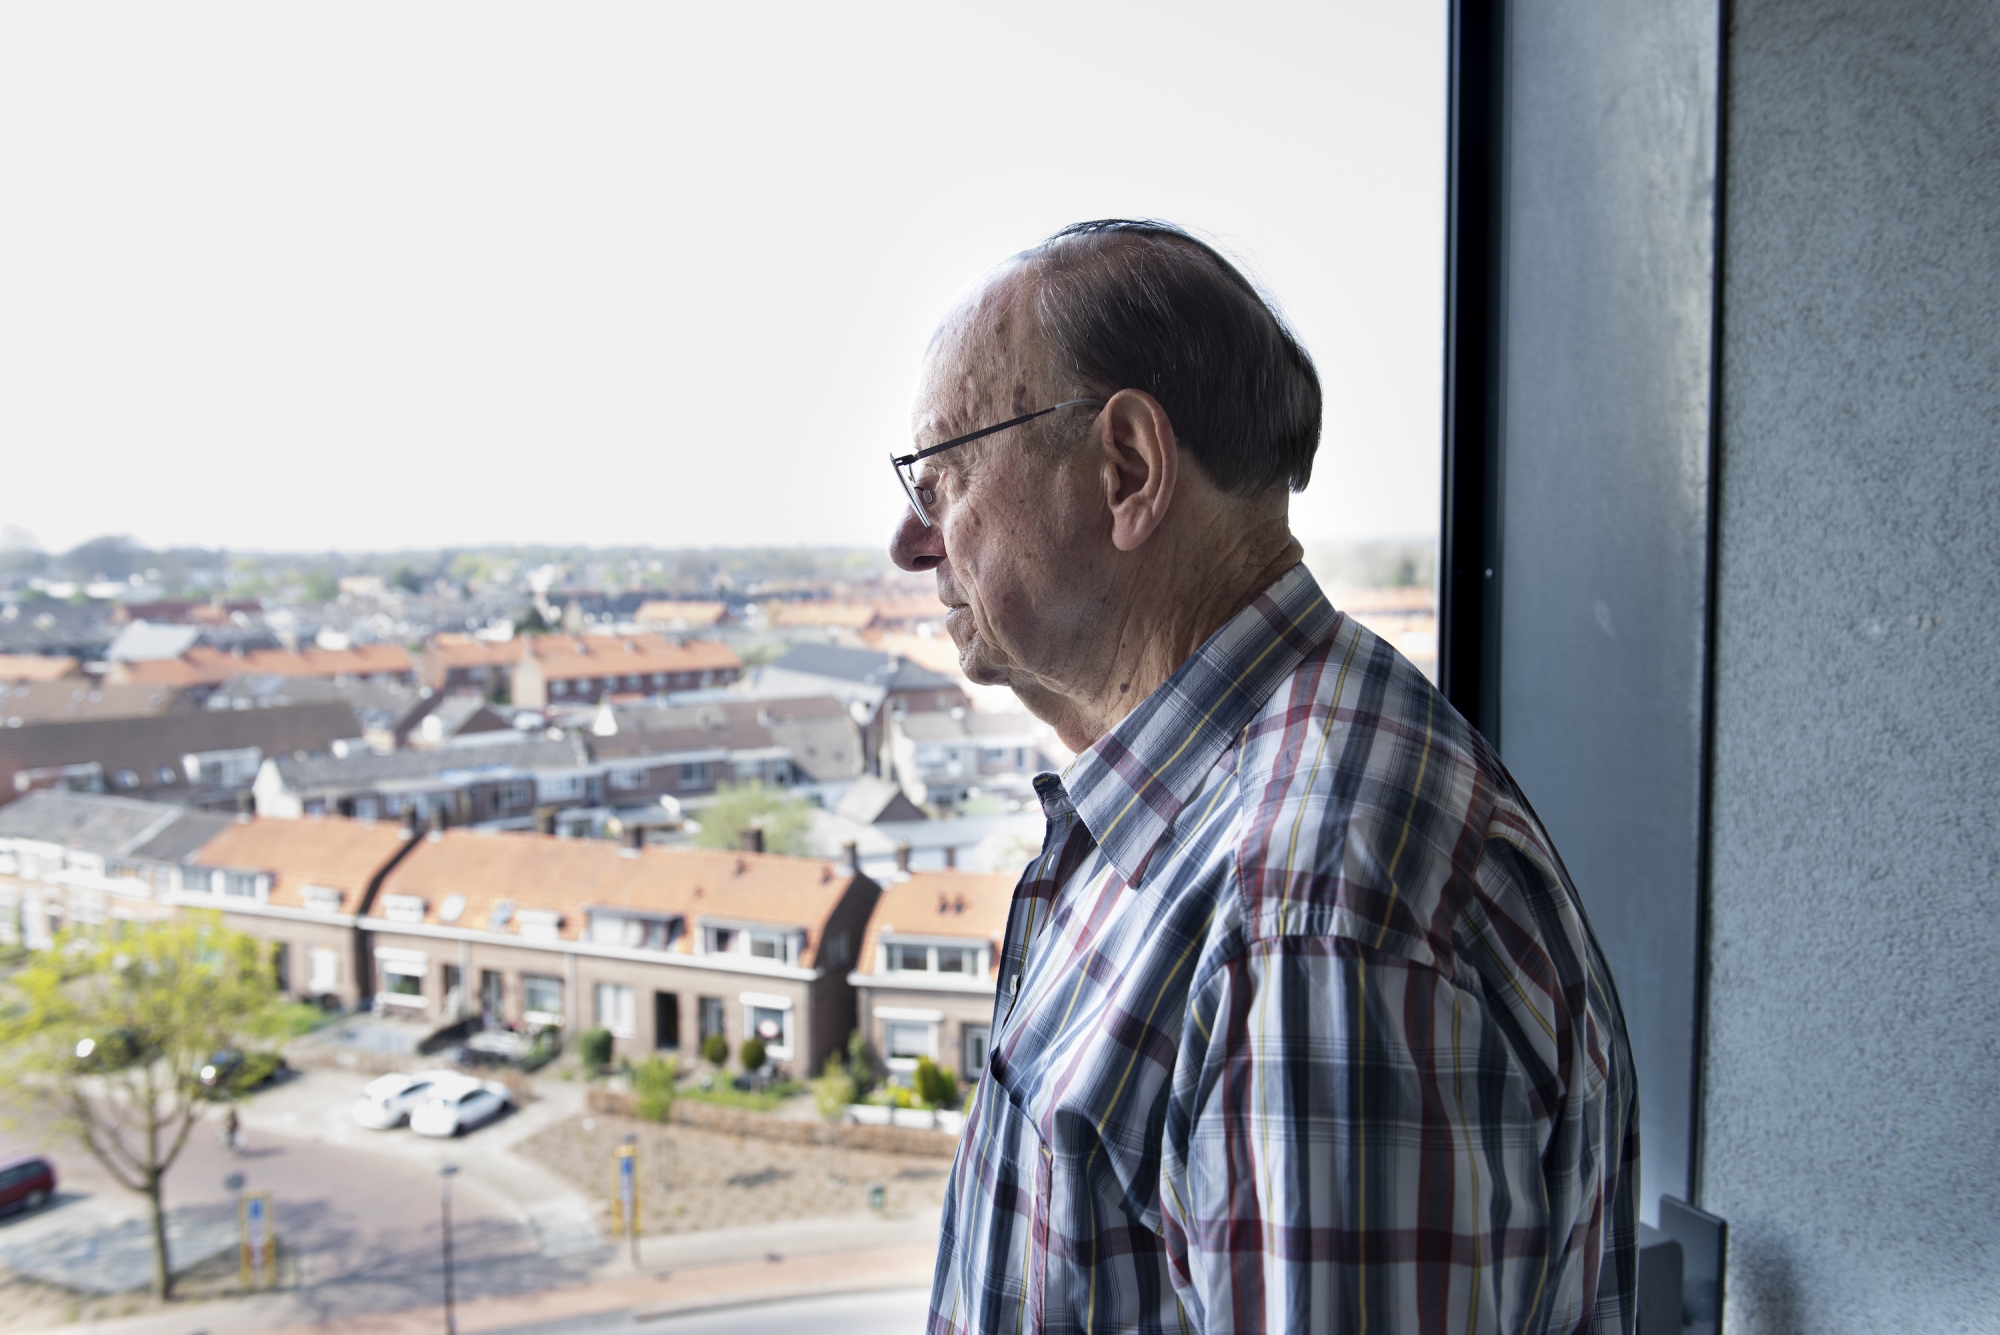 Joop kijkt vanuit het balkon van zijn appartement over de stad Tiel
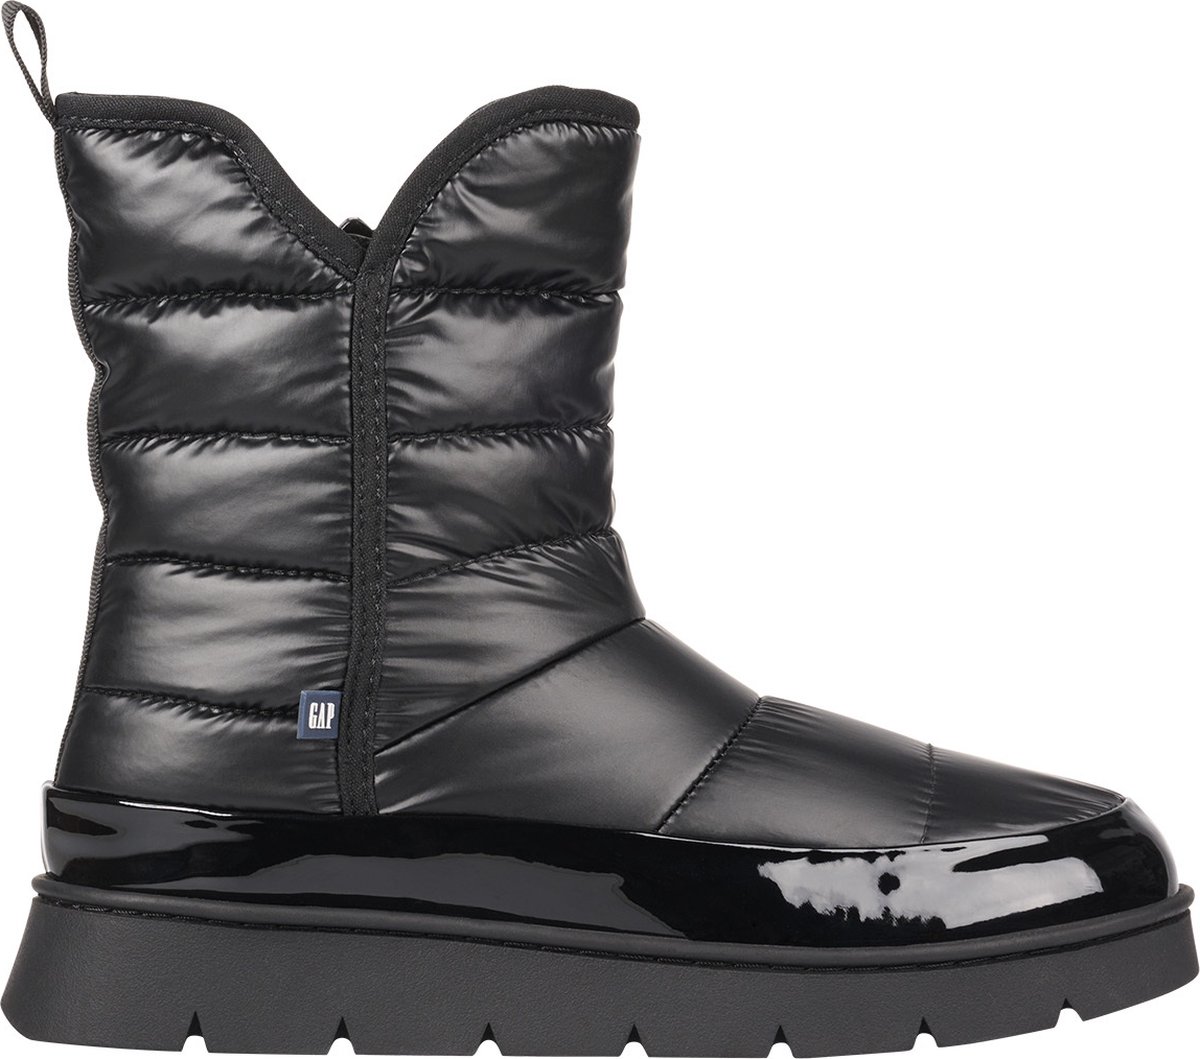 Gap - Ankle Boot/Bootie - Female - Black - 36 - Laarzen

----

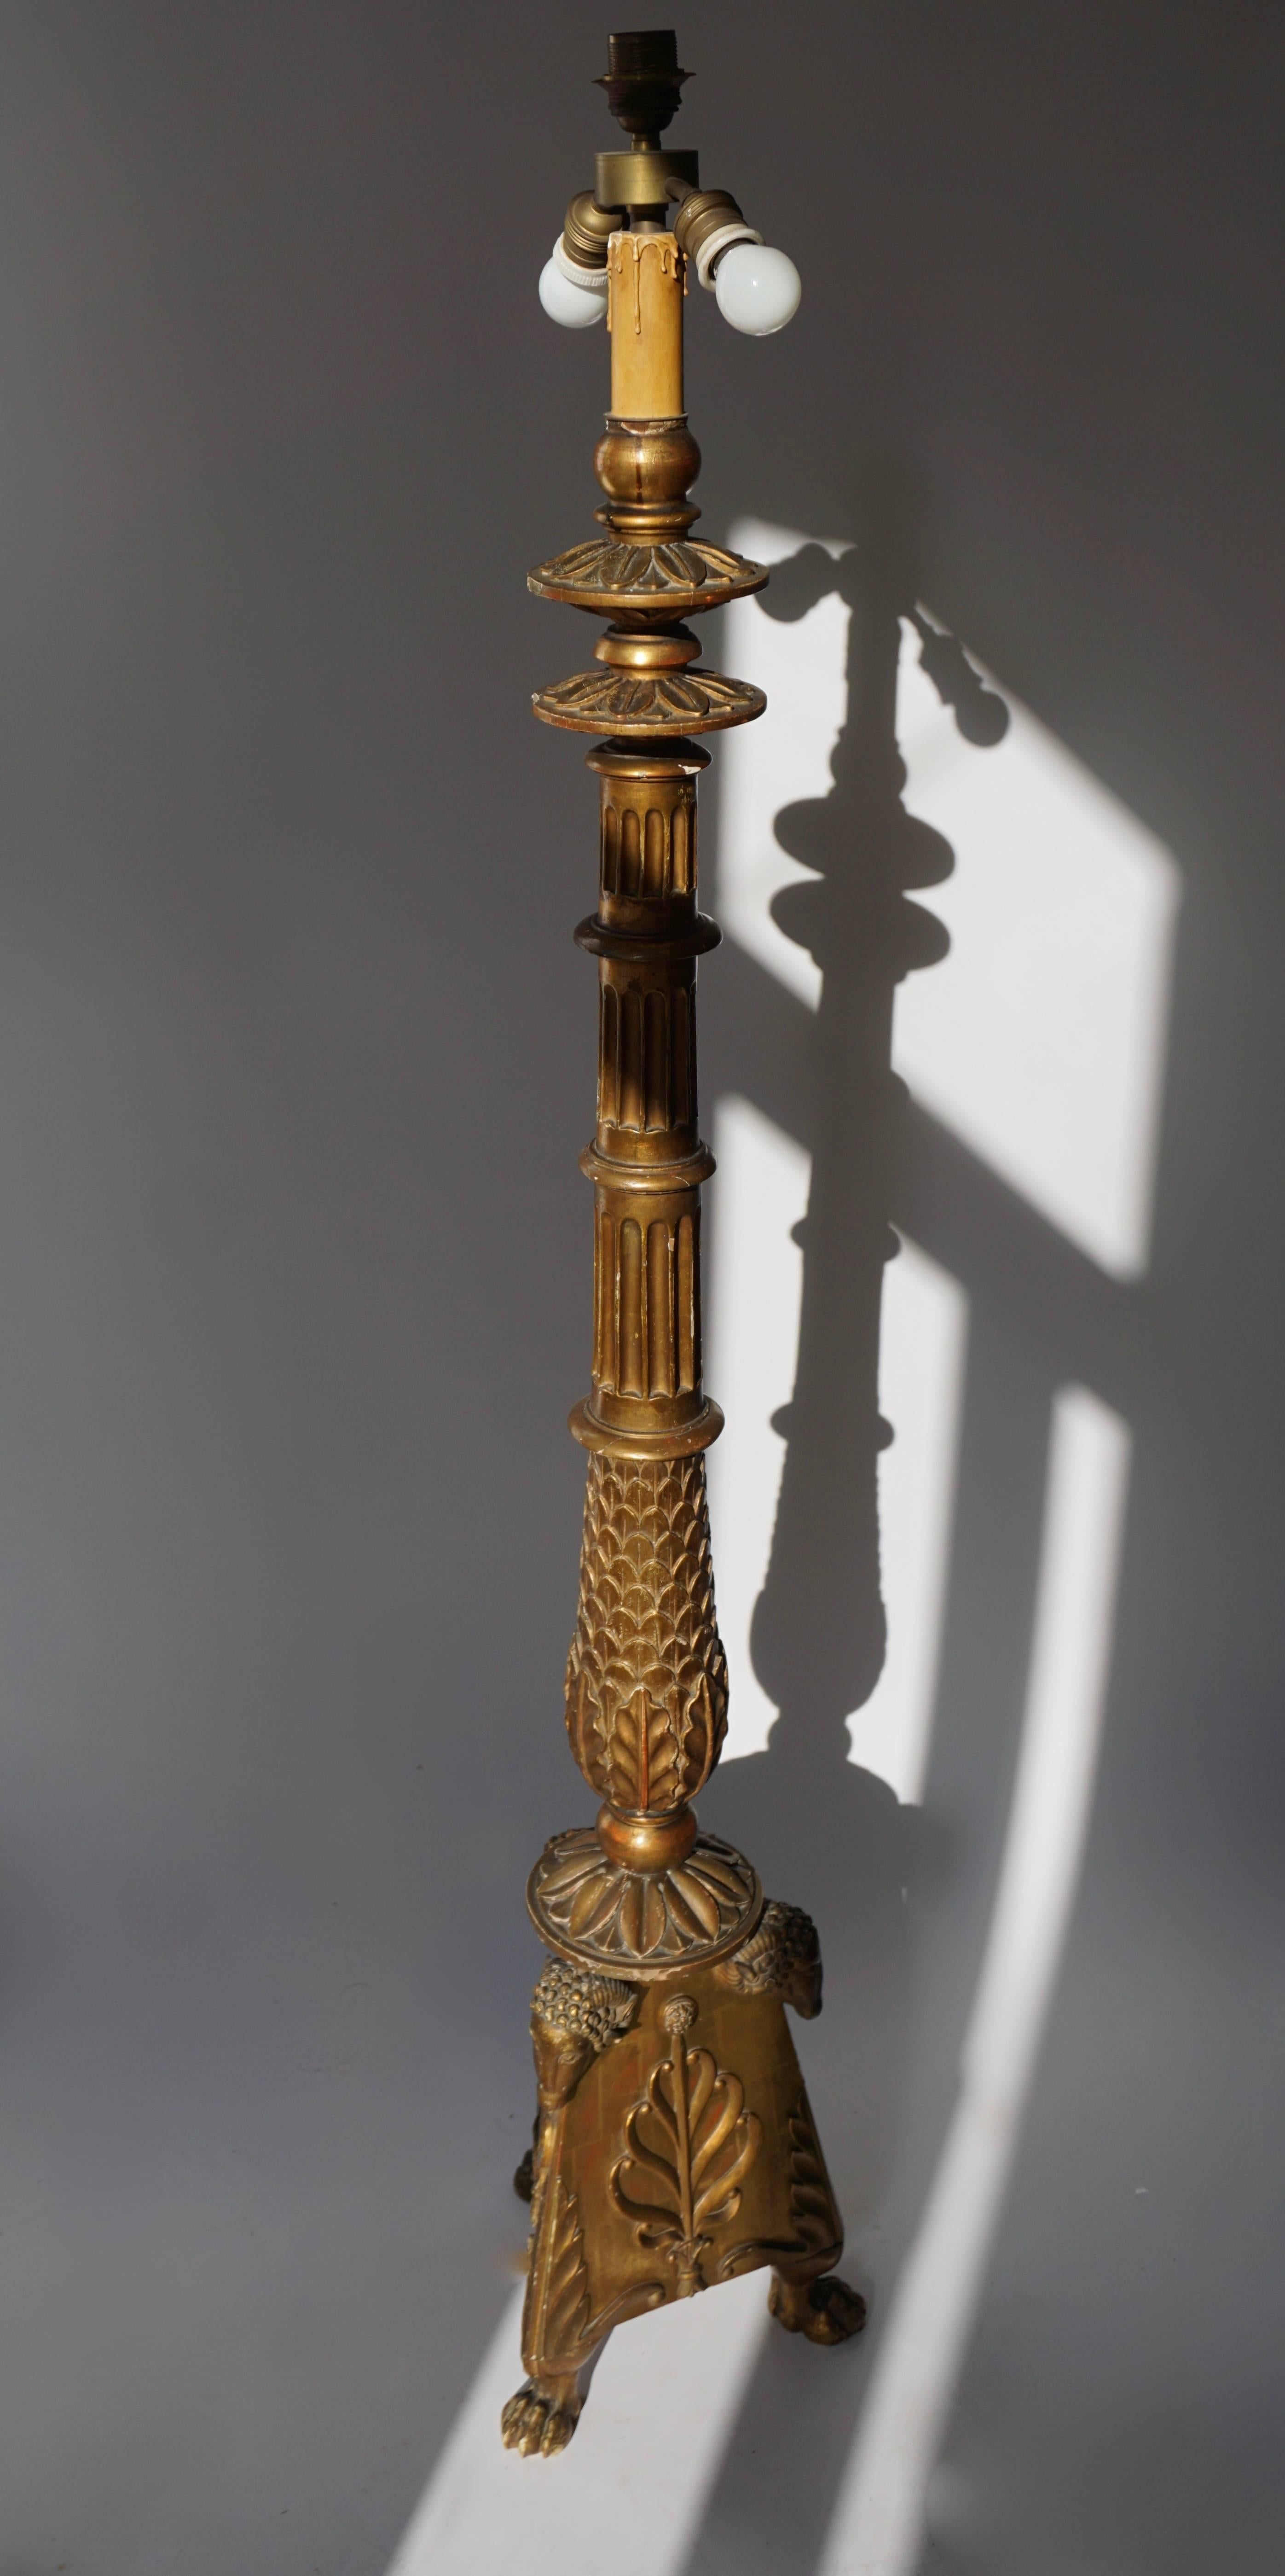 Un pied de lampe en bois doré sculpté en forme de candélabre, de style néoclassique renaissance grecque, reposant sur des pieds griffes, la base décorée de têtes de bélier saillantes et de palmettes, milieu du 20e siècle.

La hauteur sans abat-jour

----

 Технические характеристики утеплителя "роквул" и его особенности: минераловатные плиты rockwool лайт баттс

----

### Goal of the exercise:
With the pictures omitted, copy exactly the lines of the listing above starting at the line containing "Un pied de lampe" and ending at the line containing "La hauteur sans abat-jour", both included.

### Answer:
 Un pied de lampe en bois doré sculpté en forme de candélabre, de style néoclassique renaissance grecque, reposant sur des pieds griffes, la base décorée de têtes de bélier saillantes et de palmettes, milieu du 20e siècle.

La hauteur sans abat-jour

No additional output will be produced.